* _Stored data_
========================================================================

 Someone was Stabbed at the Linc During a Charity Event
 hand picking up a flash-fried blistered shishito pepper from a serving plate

========================================================================

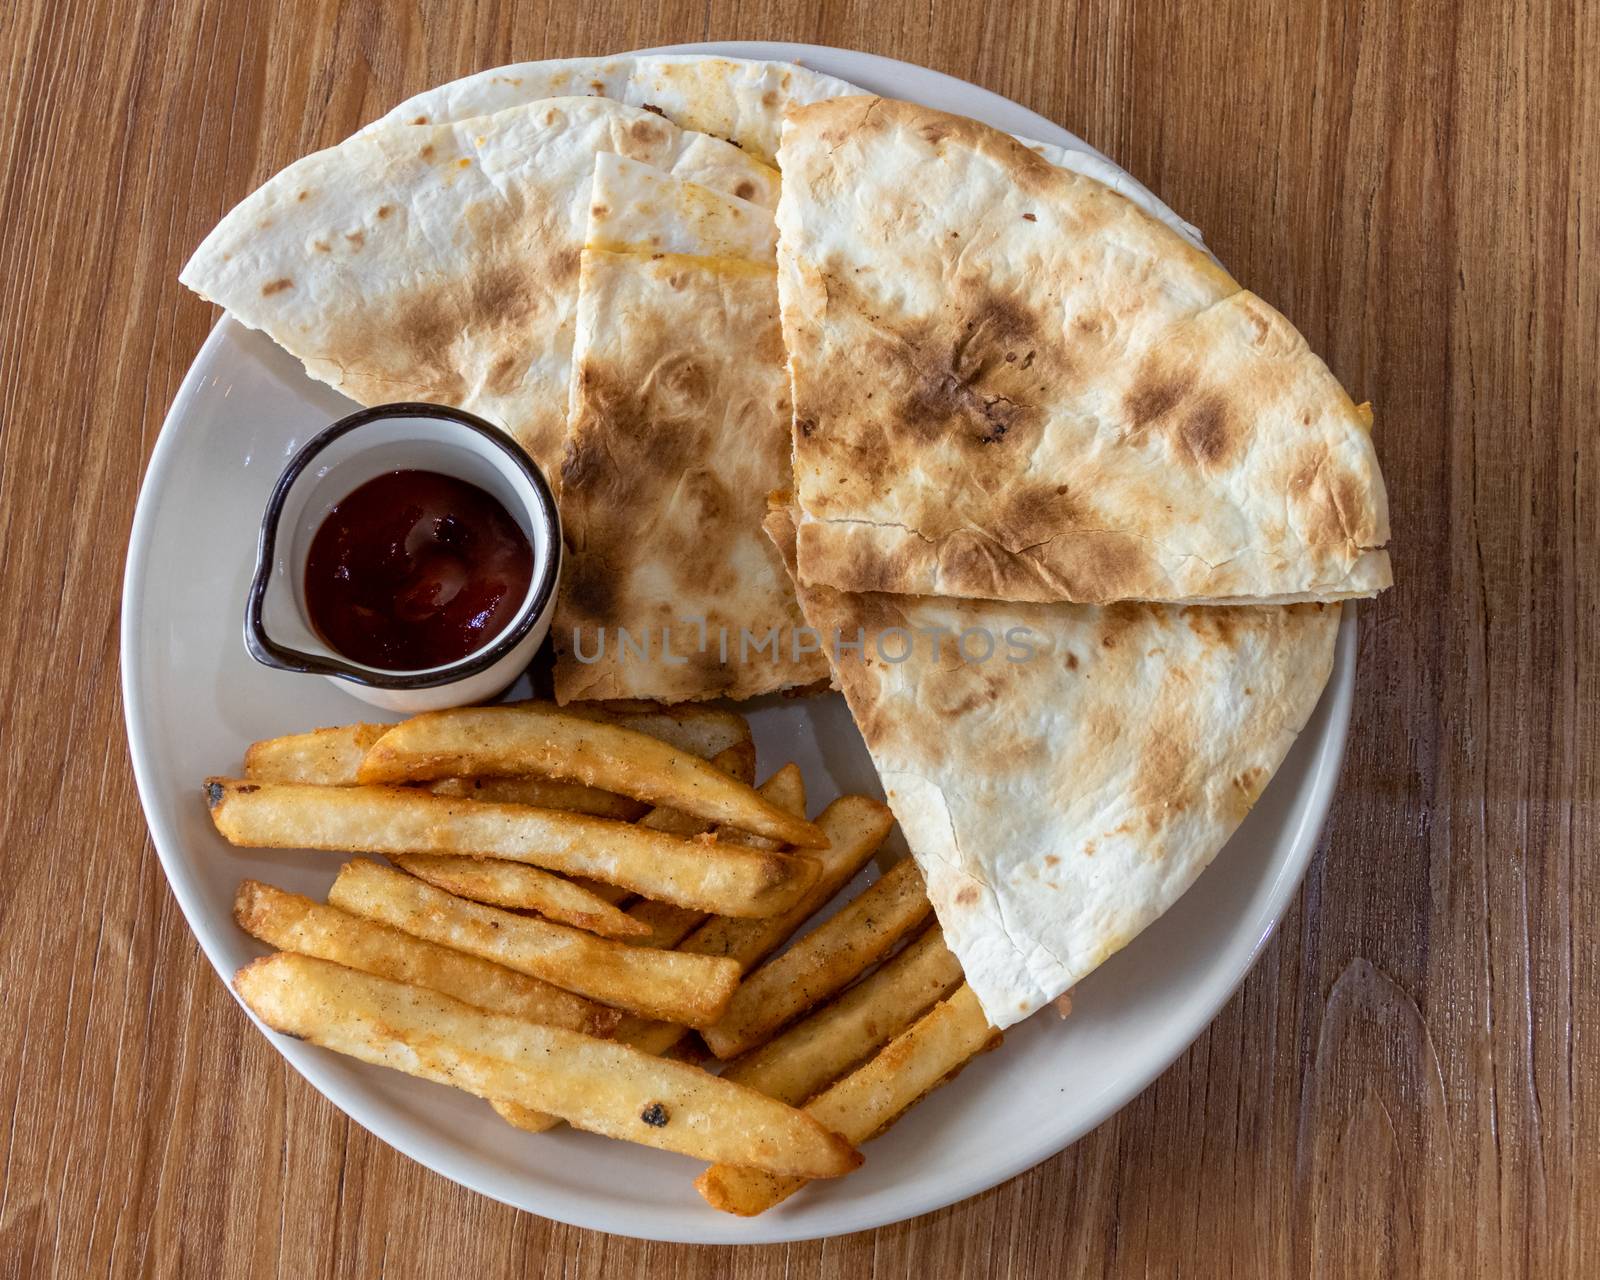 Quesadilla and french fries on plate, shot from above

========================================================================

* _What is being asked_
Where the listing above has a line with "Someone was Stabbed", start there, and output every line exactly through the line with "hand picking up", which is also included.

* _Reply_
 Someone was Stabbed at the Linc During a Charity Event
 hand picking up a flash-fried blistered shishito pepper from a serving plate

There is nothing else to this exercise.